The minutes of the Meeting will be available under law provisions.

 

The Report on corporate governance and shareholding structure and the Remuneration report are also available at Eni S.p.A. registered office, Borsa Italiana S.p.A. (Italian Stock Exchange) and at the centralized storage device authorised by Consob called “1info” – which can be consulted on the website www.1info.it.

 

The above-mentioned documents are also available free of charge on the Company website (www.eni.com) and may be requested by e-mail at segreteriasocietaria.azionisti@eni.com or by calling the Toll-Free number 800 940 924 for calls from Italy and 800 11 22 34 56 for calls from outside Italy, after dialling the international access code (+).

 

Payment of year 2016 final dividend

Eni S.p.A. Shareholders’ Meeting resolved to pay final dividends on April 26, 2017, coupon No. 28, being the ex-dividend date April 24, 2017 and the record date April 25, 2017. Dividends are not entitled to tax credit and, depending on the receiver, are subject to a withholding tax on distribution or are partially cumulated to the receiver’s taxable income.

 

In order to exercise the rights incorporated in the shares owned, Shareholders holding shares not yet in dematerialized form shall first deliver these shares to an authorized intermediary, who will have them dematerialized in the Central Depository System.

 

The payment of dividends to Beneficial Owners of ADRs, each of them representing two Eni shares, listed on the New York Stock Exchange, will be executed through The Bank of New

York Mellon.

 

 

(1) Drawn from the slate of candidates presented by the shareholder Ministry of Economy and Finance, owning, directly, the 4.34% of the Eni S.p.A. share capital, voted by the majority of the shareholders who have participated in the Shareholders’ Meeting.

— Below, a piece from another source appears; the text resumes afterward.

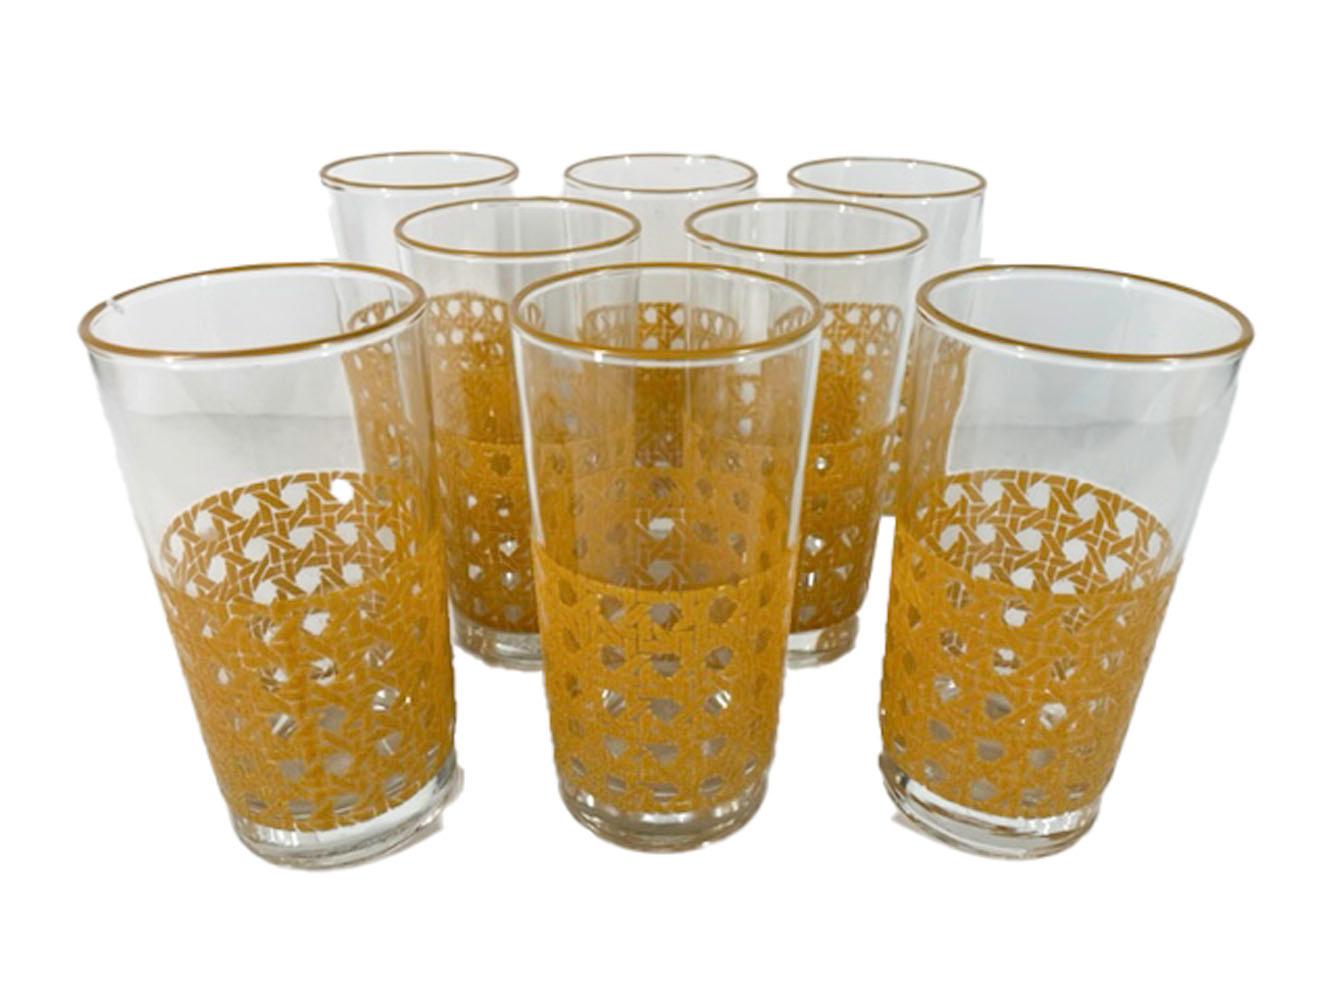 vintage glassware patterns

(2) Drawn from the slate of candidates presented by a group of shareholders composed of asset management companies and other Institutional Investors, owning, jointly, approximately the 1.7% of the Eni S.p.A. share capital, voted by the minority of the shareholders who have participated in the Shareholders’ Meeting.

 

(*) Candidate who declared to hold the independence requirements provided by the law (Articles 147-ter, paragraph 4 and 148, paragraph 3 of the Consolidated Law on Finance), as cited in the By-Laws.

(**) Candidate who declared to hold the independence requirements provided by the law (Articles 147-ter, paragraph 4 and 148, paragraph 3 of the Consolidated Law on Finance) and Article 3 of the Corporate Governance Code for listed companies.